Using this two-fold distinction to examine European Court of Human Rights cases, we find a close match between Convention rights and policing for democracy. Regarding democratically responsive policing, the Court provides responsiveness within the structural limits of reacting to individual complaints, and as one element in the broader landscape of governance.
Further, cases show how that landscape features in Court judgments. We argue that robust enforcement, and careful attention to case law during drafting and implementation of police legislation and governance arrangements, help protect democracy and enhance democratically responsive policing. The Organisation for Security and Co-operation in Europe sees the protection of human rights as one dimension of democratic policing. This paper goes further in examining the overlap between democratic policing and human rights.

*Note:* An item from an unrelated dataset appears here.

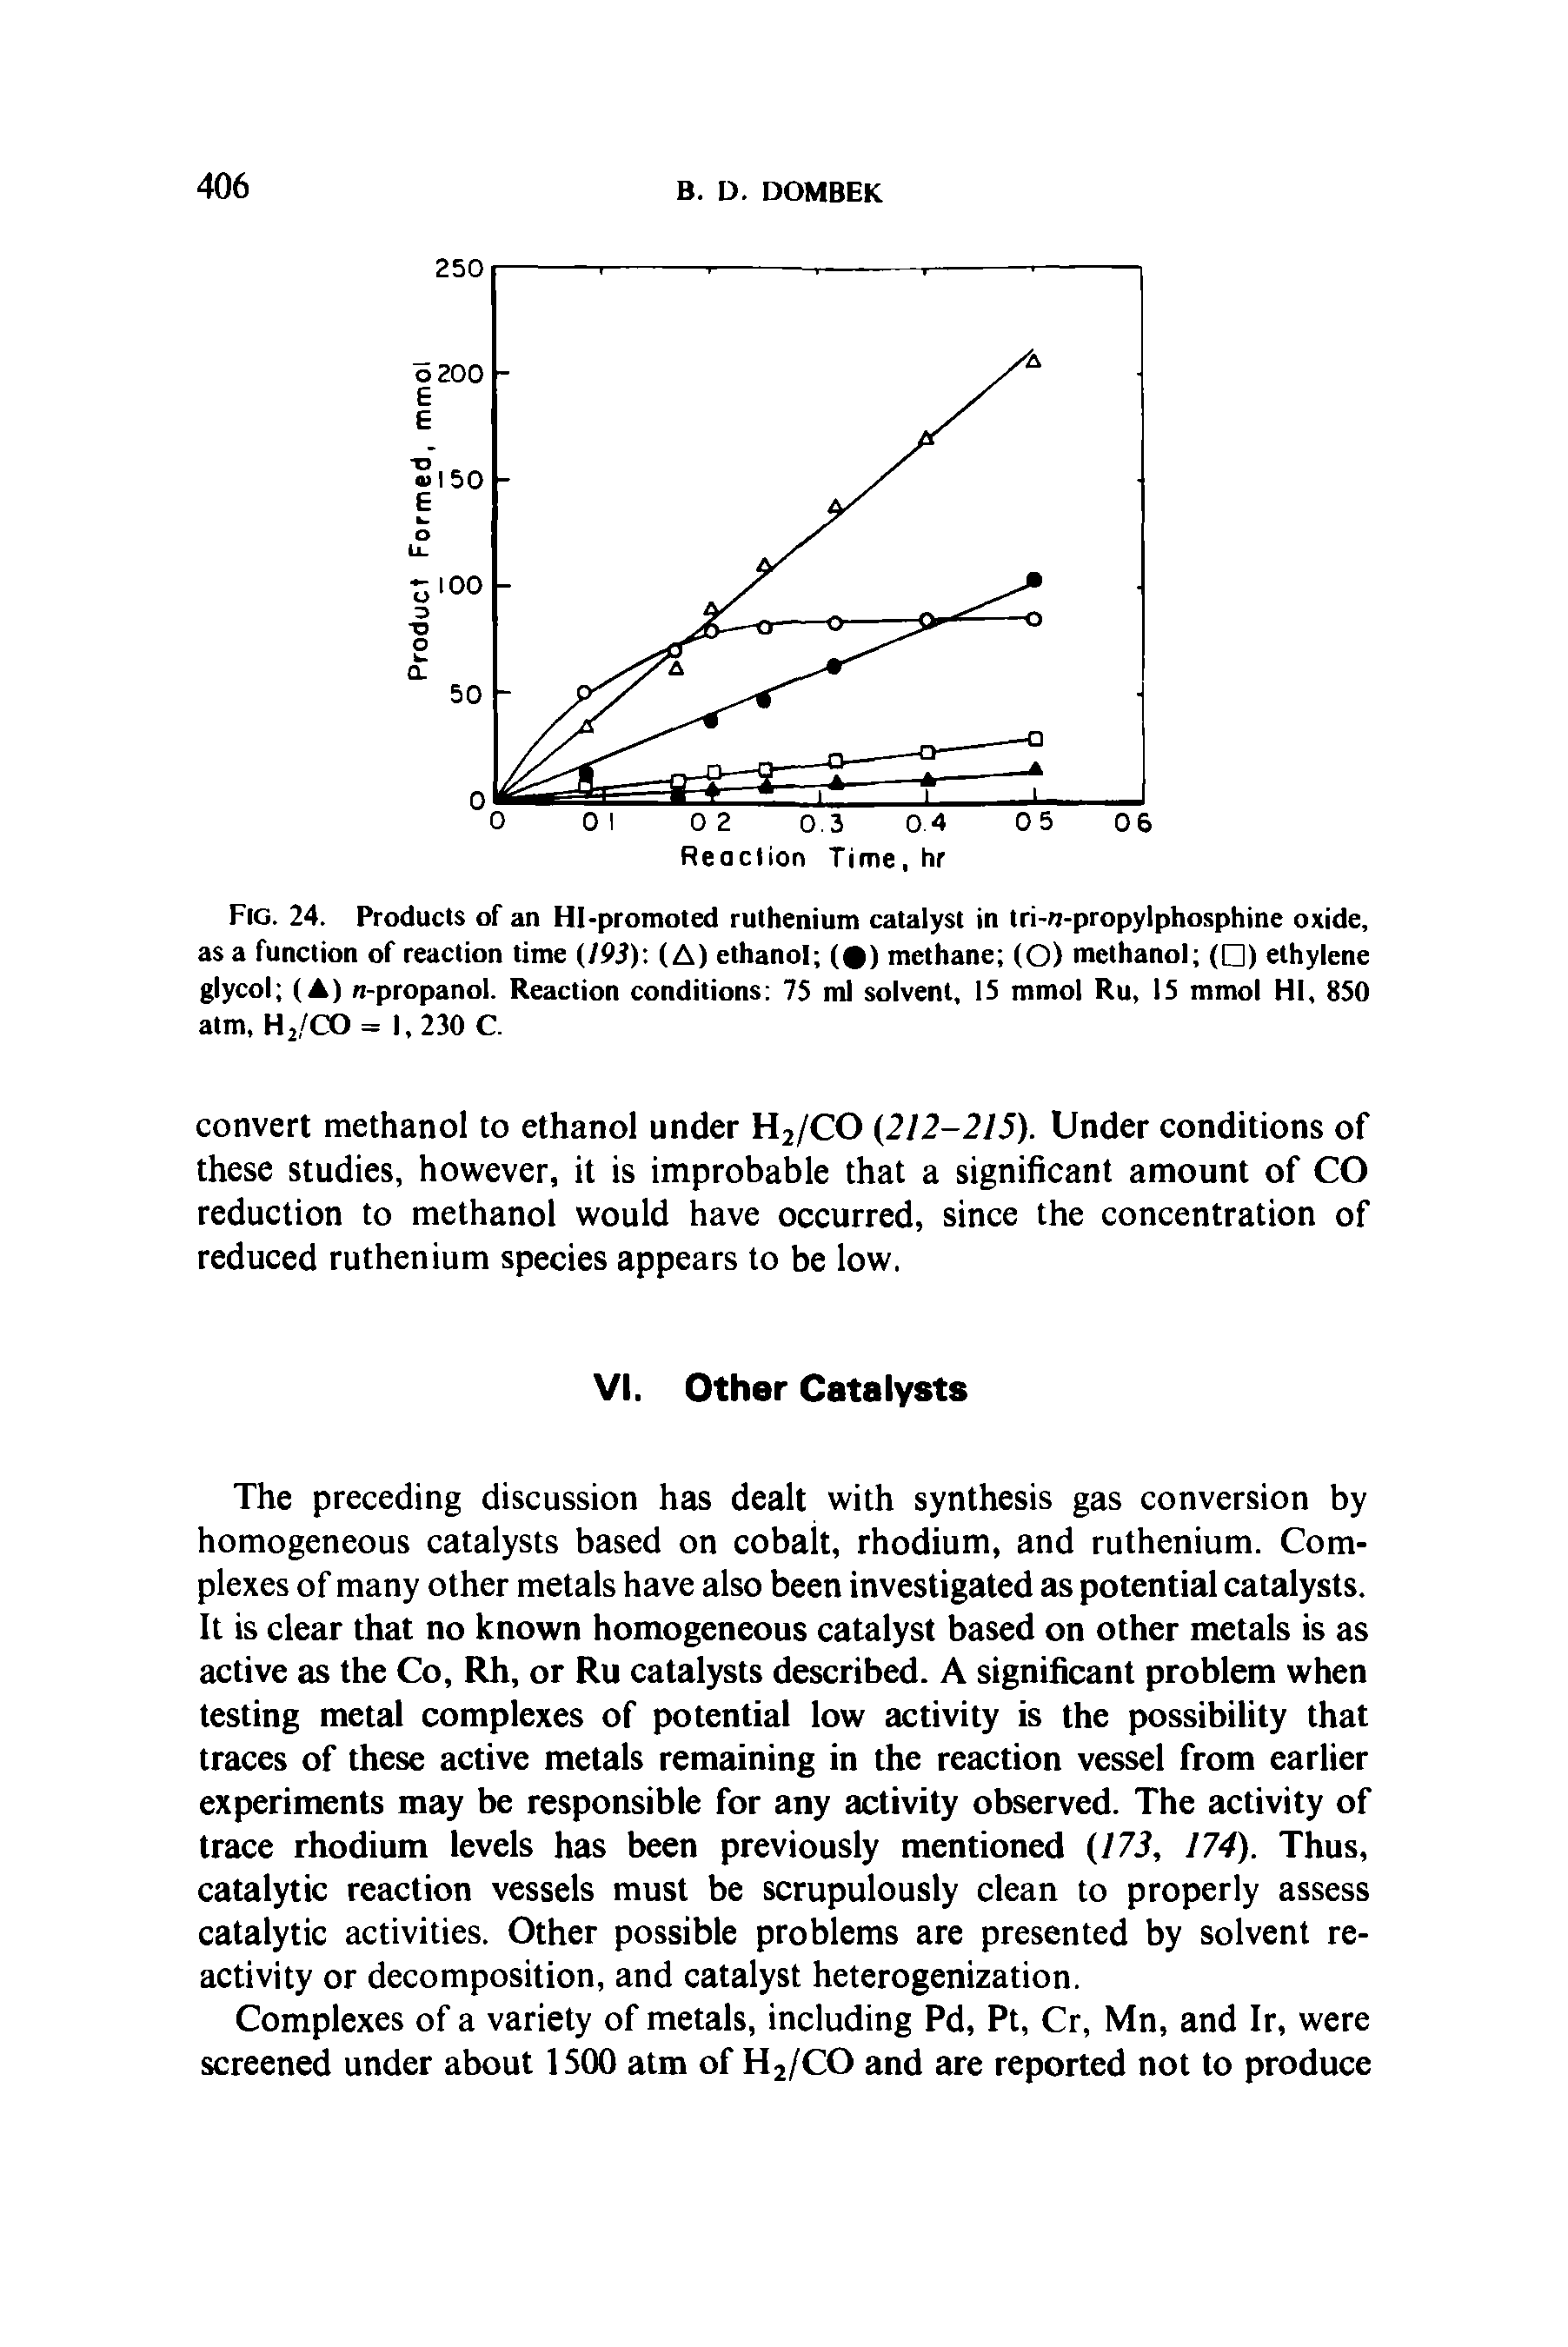 Fig. 24. Products of an Hi-promoted ruthenium catalyst in tri-n-propylphosphine oxide, as a function of reaction time (193) (A) ethanol ( ) methane (O) methanol ( ) ethylene glycol (A) n-propanol. Reaction conditions 75 ml solvent, 15 mmol Ru, 15 mmol HI, 850 atm, H2/CO = 1,230 C.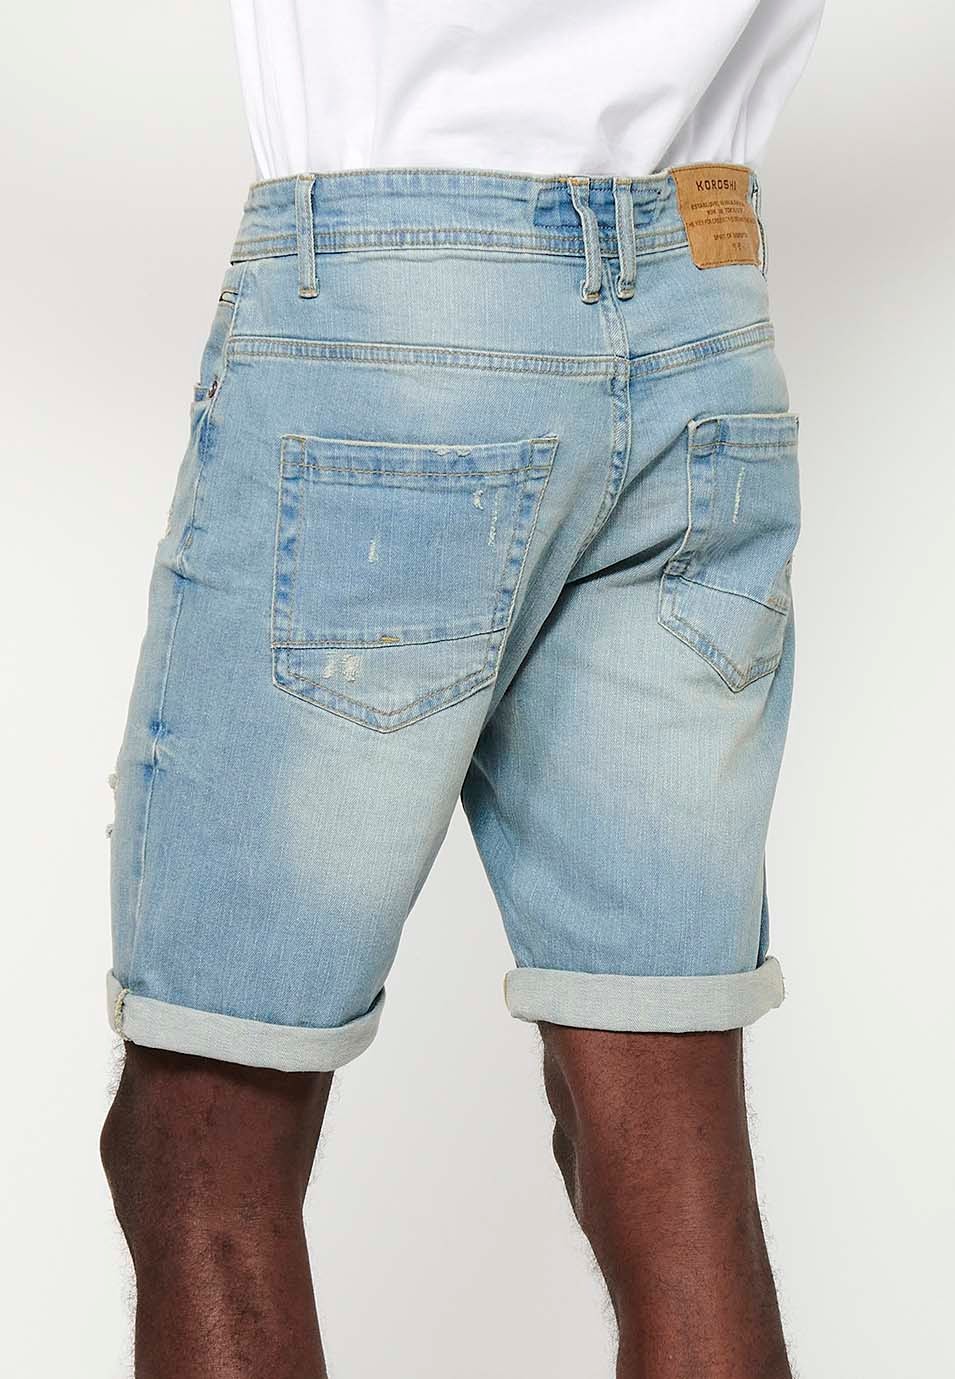 Shorts with turn-up finish and front closure with zipper and button and five pockets, one blue pocket pocket for men 1

Firstly, it uses a conceptual distinction from criminology between policing which protects and sustains democracy policing for democracy and policing directed and governed in line with specific democratic principles democratically responsive policing. Thirdly, it uses the conceptual frame to interrogate relevant cases decided at the European Court of Human Rights ECtHR identified through the hudoc database.
On the other hand the needs of democratically responsive policing are only partially met by policing in the framework of the echr , as may be anticipated from literature on police governance.
Nonetheless, the Court currently facilitates responsiveness to citizens, especially as a mechanism of redress, and in important ways supports a system of police responsiveness to other institutions.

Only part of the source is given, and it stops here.